Trois semaines. C'est le temps qu'il a fallu pour que les premiers doutes s'installent. Pas une éternité, mais à Marseille, c'est déjà une ère géologique. Habib Beye avait débarqué avec l'énergie du converti, la connaissance du club et l'envie de secouer un vestiaire anesthésié par la fin chaotique de De Zerbi. Après la défaite contre Lille samedi (1-2), le bilan commence à peser.

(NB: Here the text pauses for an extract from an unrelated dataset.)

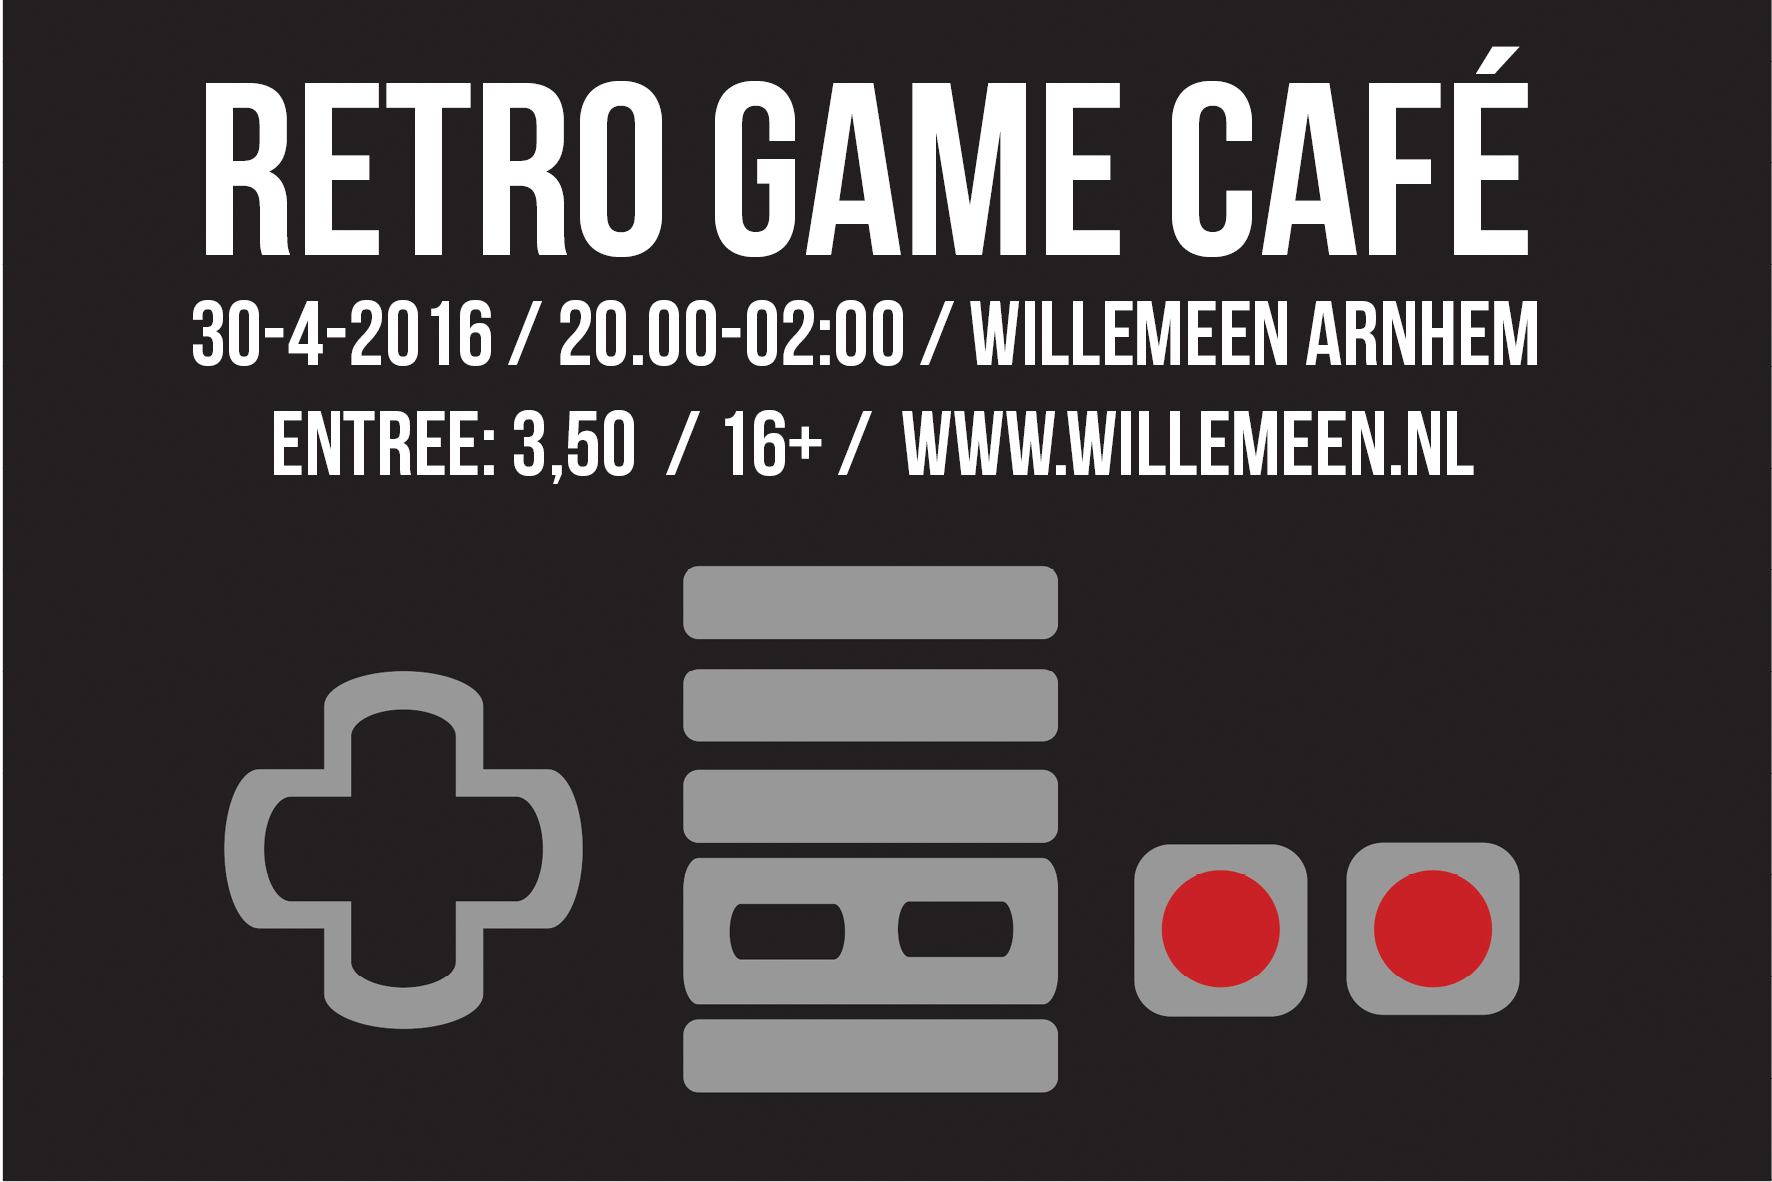 Game Café Arnhem

Gagner sans convaincre, puis perdre
Les trois premières victoires de Beye avaient rassuré les comptables sans emballer personne. Pragmatisme, solidité, résultats : le minimum syndical pour un pompier arrivé en cours de saison. Christophe Dugarry l'avait dit dès la deuxième semaine : gagner sans produire de jeu, à l'OM, c'est se construire une bombe à retardement. Le public veut du spectacle, pas des 1-0 arrachés dans la douleur.

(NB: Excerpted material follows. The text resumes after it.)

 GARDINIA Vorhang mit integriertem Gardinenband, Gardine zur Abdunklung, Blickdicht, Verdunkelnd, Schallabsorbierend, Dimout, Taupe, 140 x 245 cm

La défaite de samedi a changé la donne. Quand tu ne proposes rien ET que tu perds, il ne reste plus grand-chose à vendre. Ludovic Obraniak a été le plus direct : une équipe « trop sage, trop passive », qui attend au lieu d'imposer. Le constat colle avec ce qu'on a vu au Vélodrome : un OM qui subit les vagues lilloises, qui réagit au lieu d'agir.
Le pressing fantôme
Beye voulait un « rouleau compresseur ». On a eu un soufflé qui retombe après vingt minutes. Le pressing haut qu'il prône demande une intensité physique que l'effectif ne tient pas sur 90 minutes. Les stats sont cruelles : 9 clean sheets sur toute l'année civile, deux buts encaissés par match depuis cinq rencontres. La fébrilité défensive n'est pas un accident, c'est une constante.